> [Exercise objective] Your task is to write out the entire listing exactly, omitting its pictures.

> [Available data]
#####
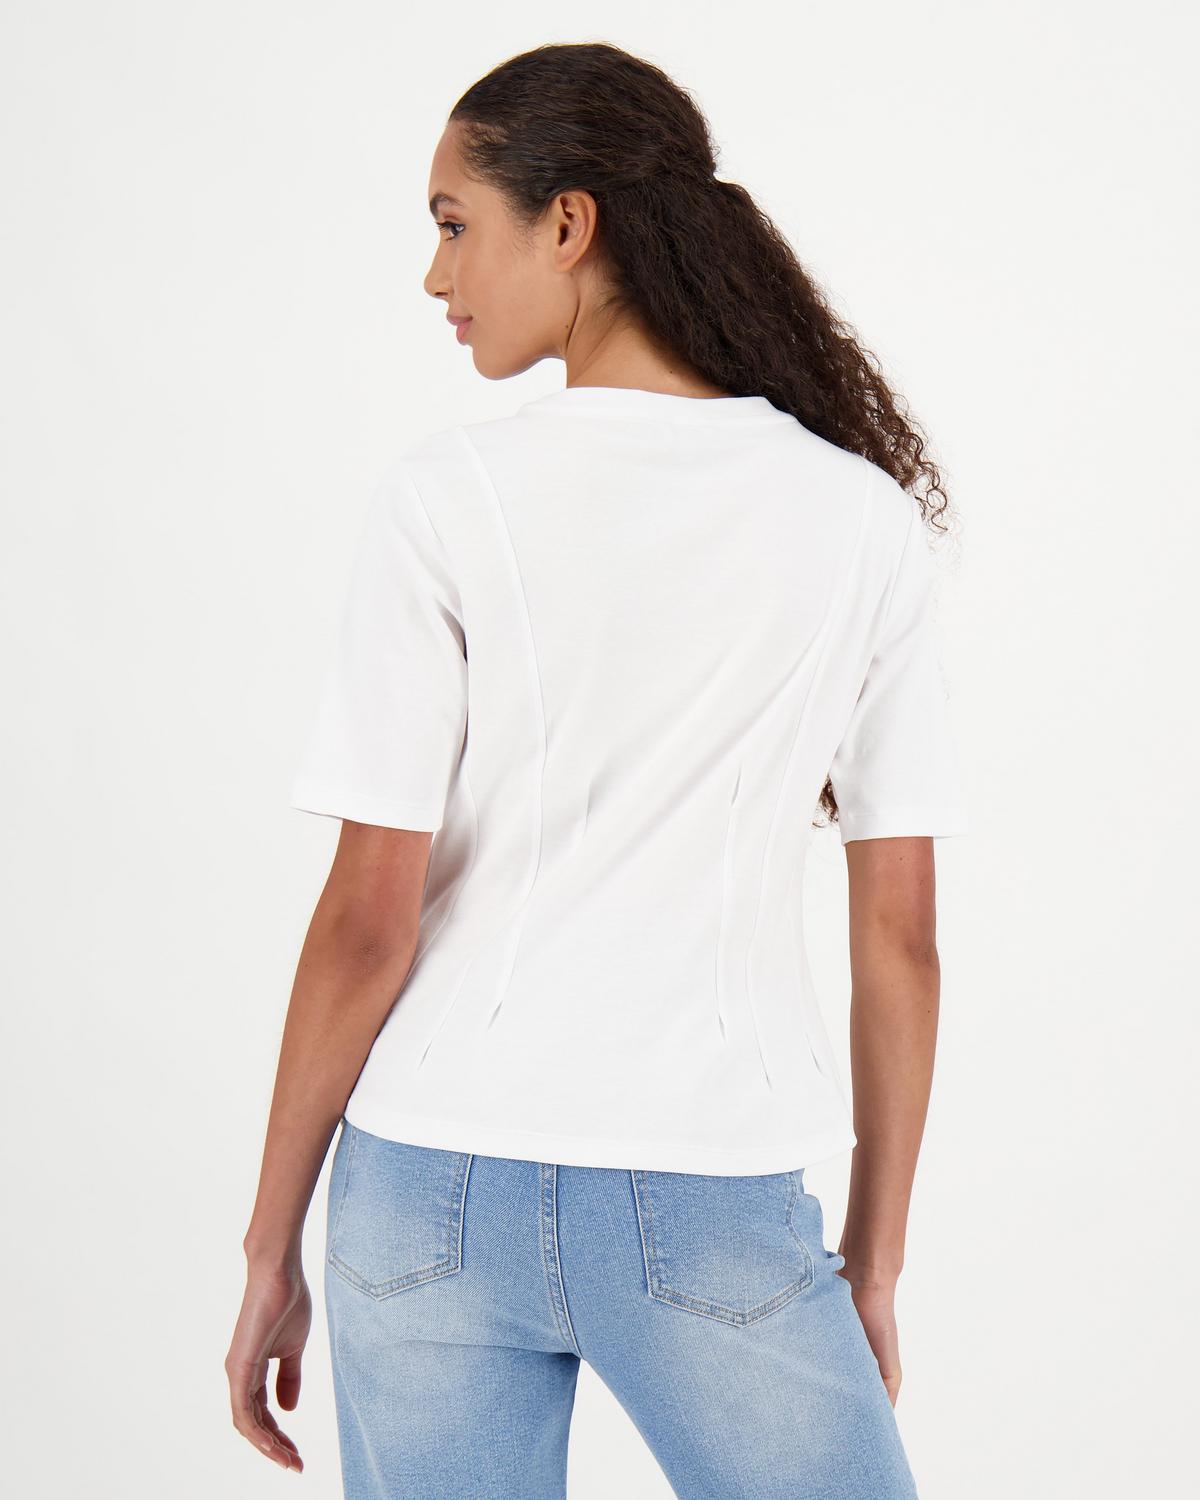 Demie Knit T-Shirt -  white
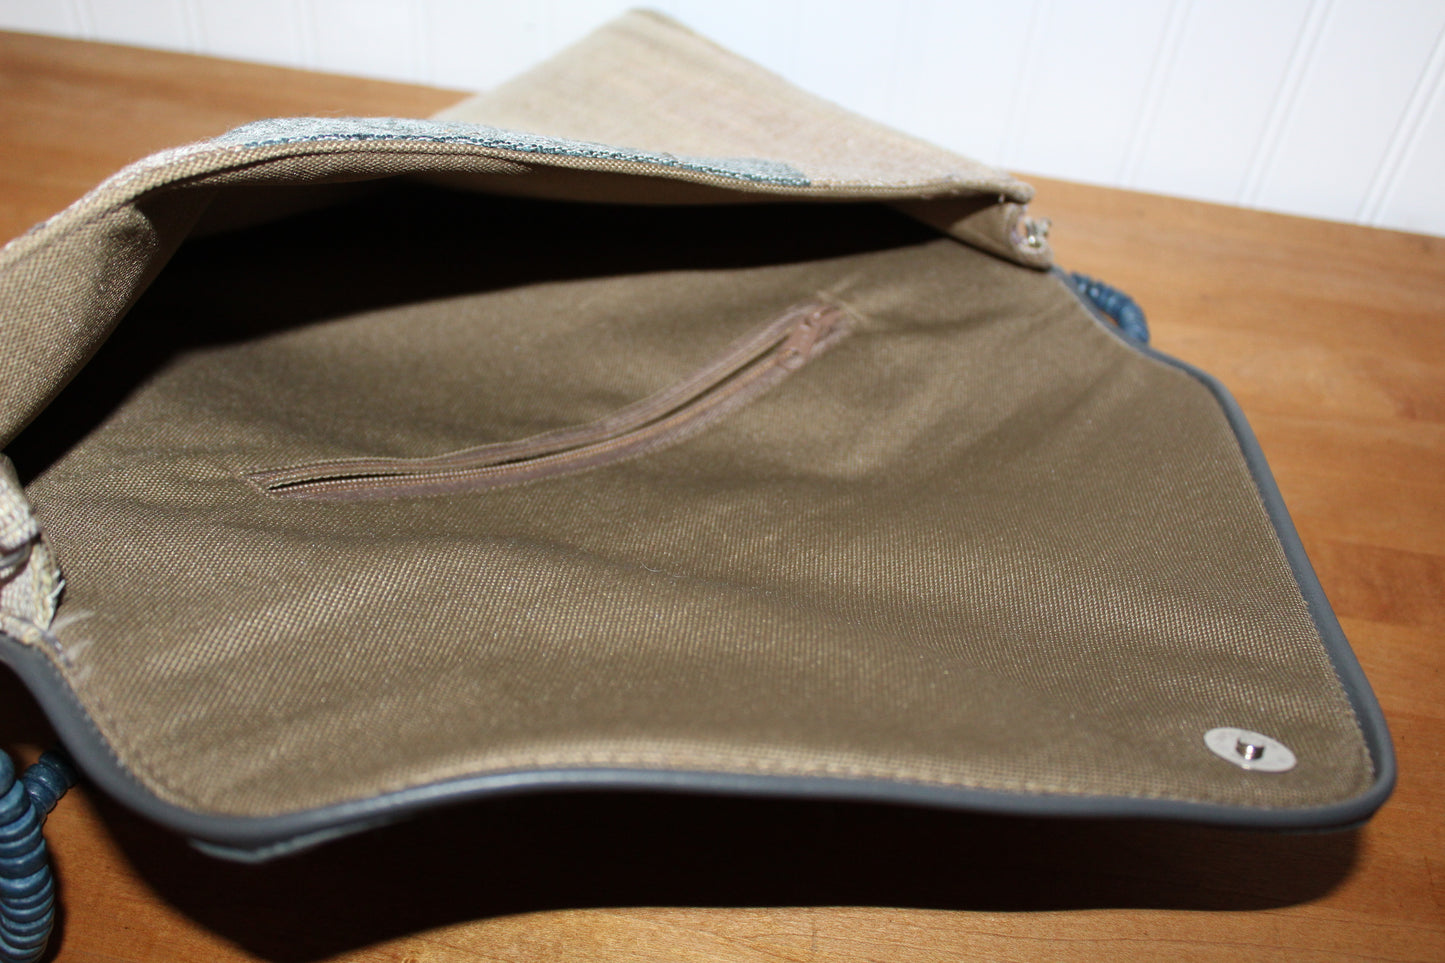 Unused Envelope Handbag - Heavy Woven Ombre Fabric Smoke Blues Purples Beige great colors stylish
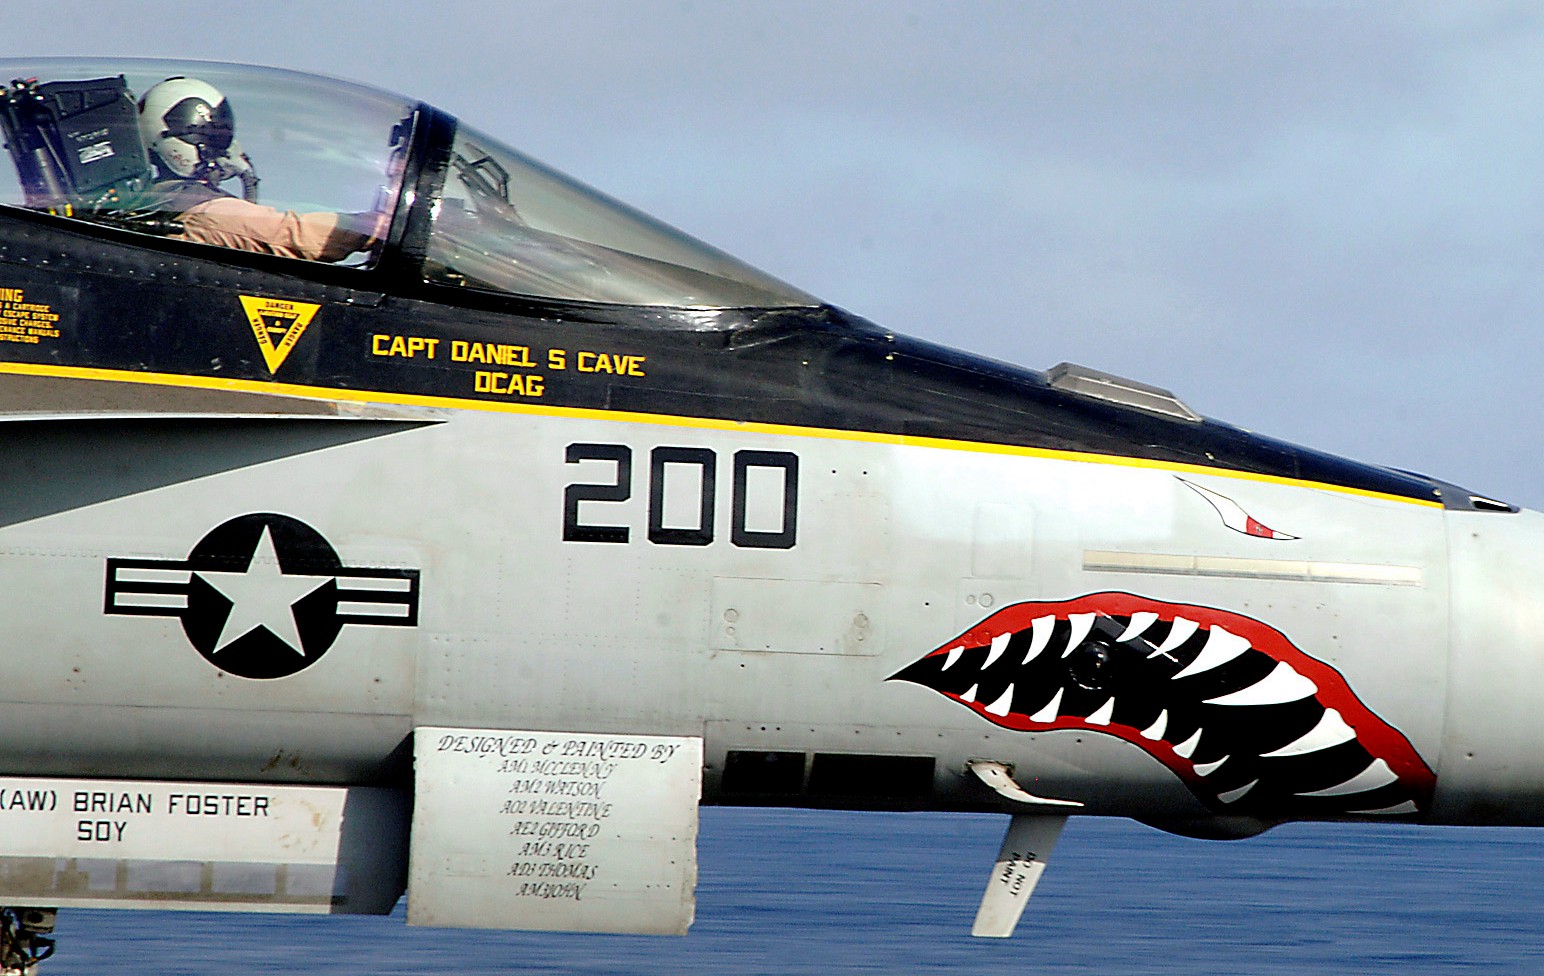 vfa-27 royal maces strike fighter squadron f/a-18e super hornet cvn-73 uss george washington cvw-5 us navy 131p
#####
> [Exercise result]
 Demie Knit T-Shirt -  white
 Unused Envelope Handbag - Heavy Woven Ombre Fabric Smoke Blues Purples Beige great colors stylish
 vfa-27 royal maces strike fighter squadron f/a-18e super hornet cvn-73 uss george washington cvw-5 us navy 131p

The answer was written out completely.